• [Task details]: Please copy each line of the listing below precisely, excluding the images.

• [Supplied data]:

________________________

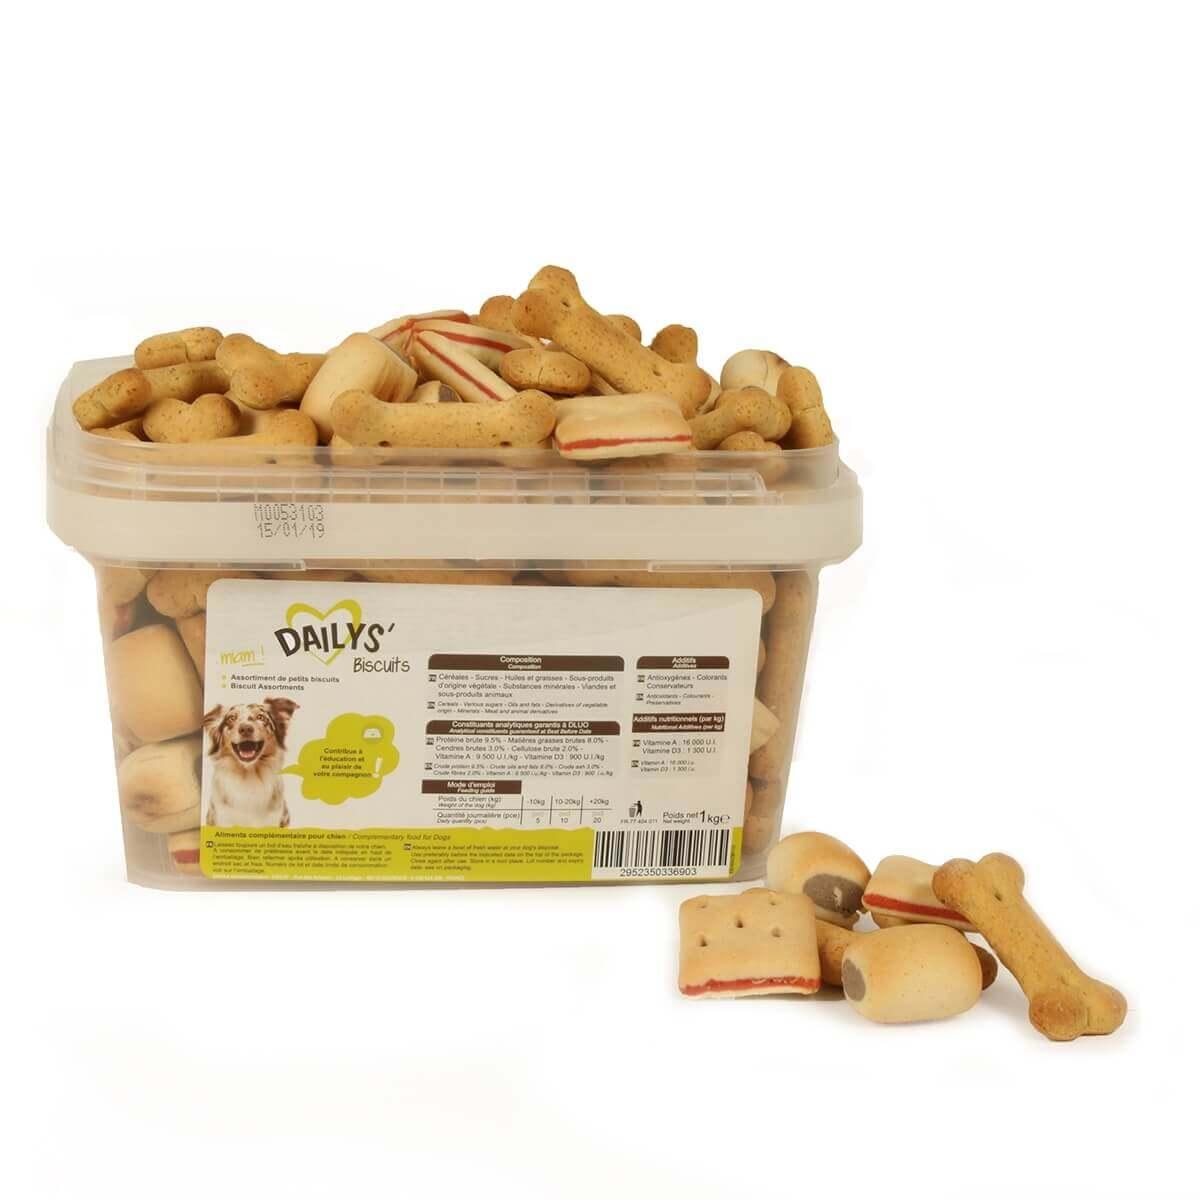 Biscuits assortis DAILYS pour chien 1kg_0
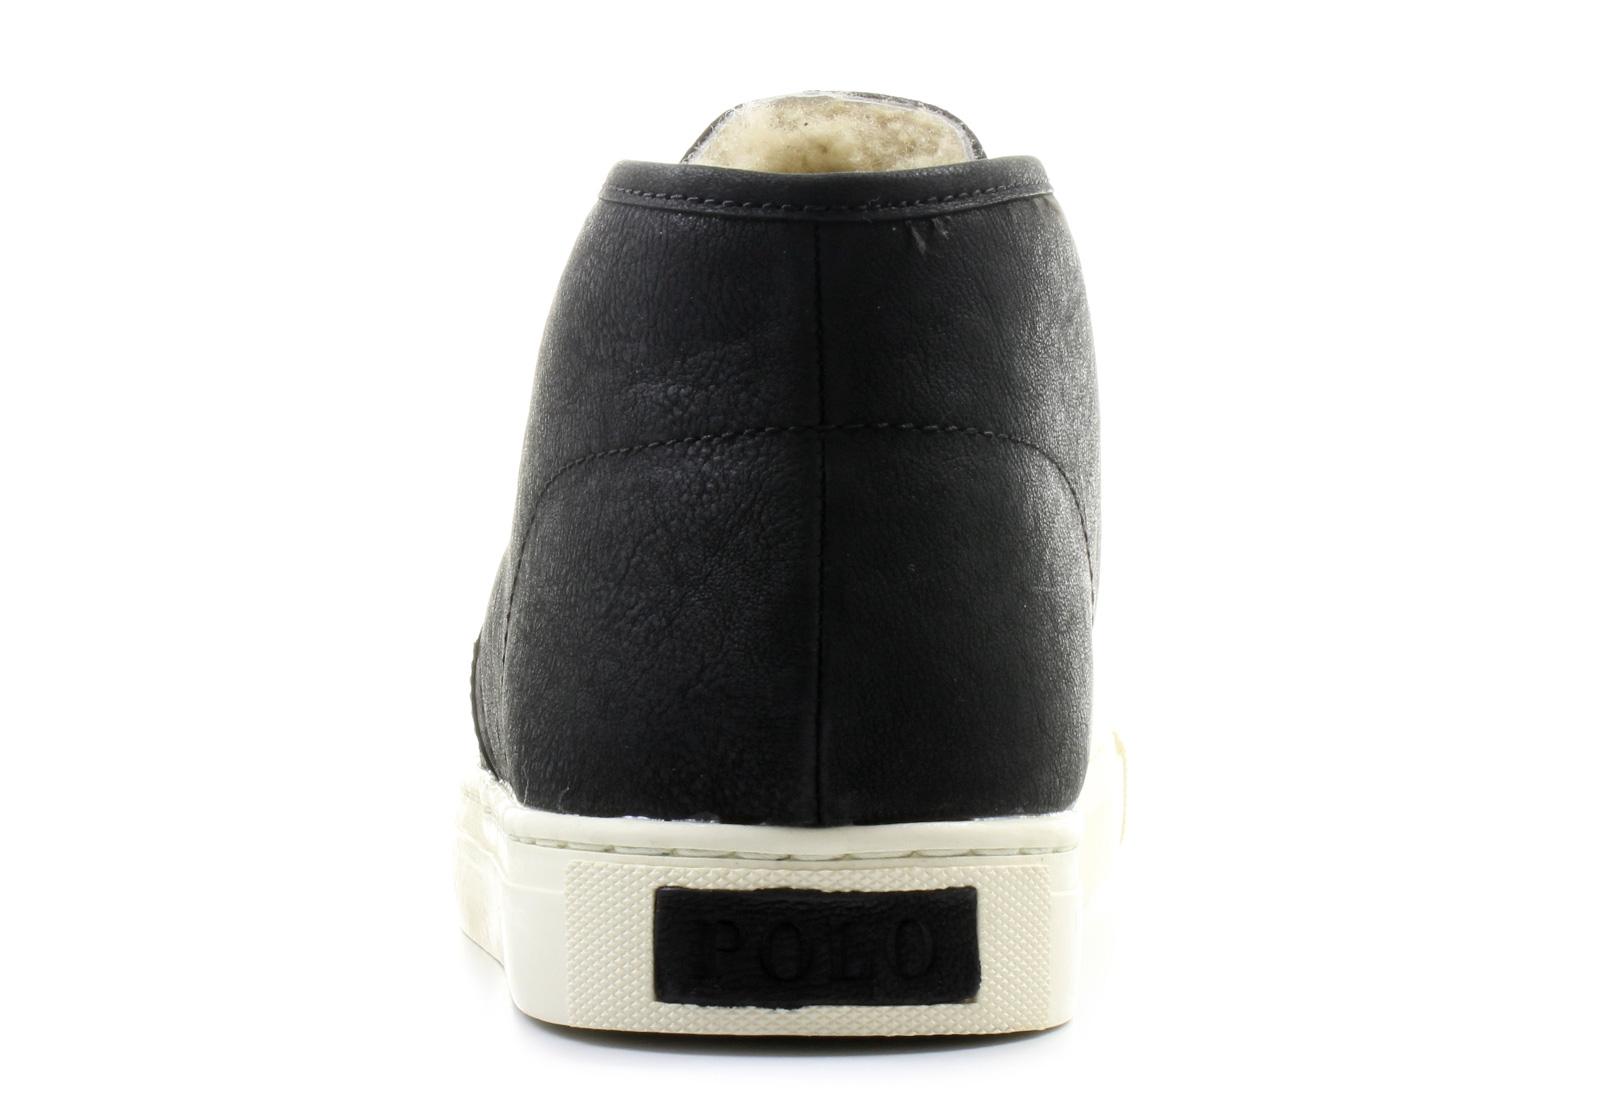 Polo Ralph Lauren Topánky - Joplin S - 0461-R-A0517 - Tenisky ... c331df20d8a
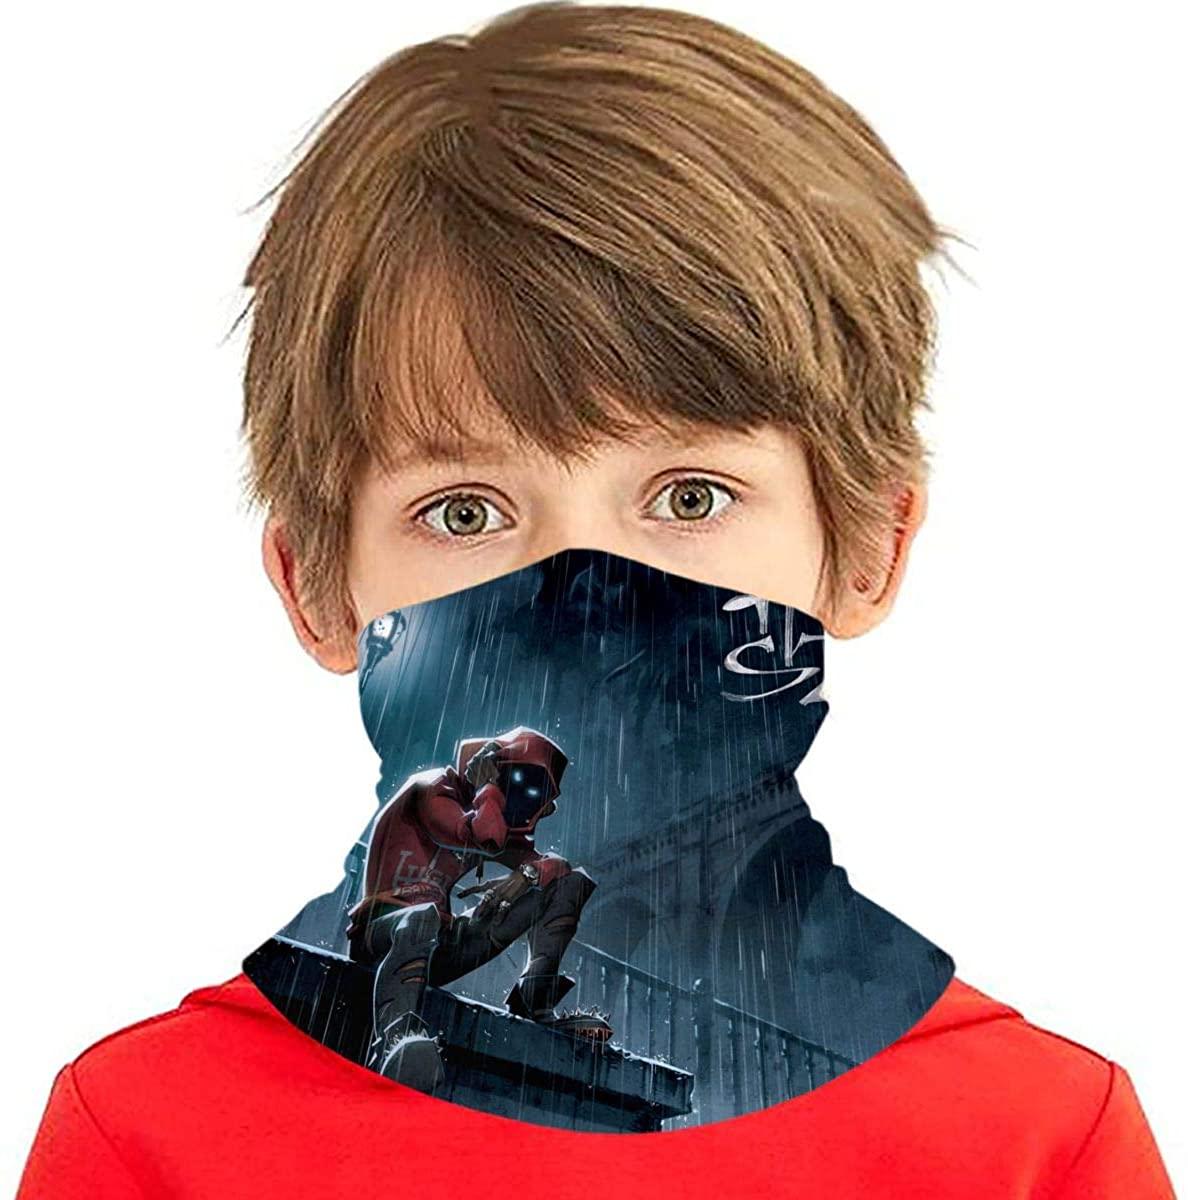 Hoodie Szn Kids Bandana Ear Loops Neck Gaiter Scarf Dust Uv Protection For Boys Girls

________________________

• [Output for this exercise]:
 Biscuits assortis DAILYS pour chien 1kg_0
 Polo Ralph Lauren Topánky - Joplin S - 0461-R-A0517 - Tenisky ... c331df20d8a
 Hoodie Szn Kids Bandana Ear Loops Neck Gaiter Scarf Dust Uv Protection For Boys Girls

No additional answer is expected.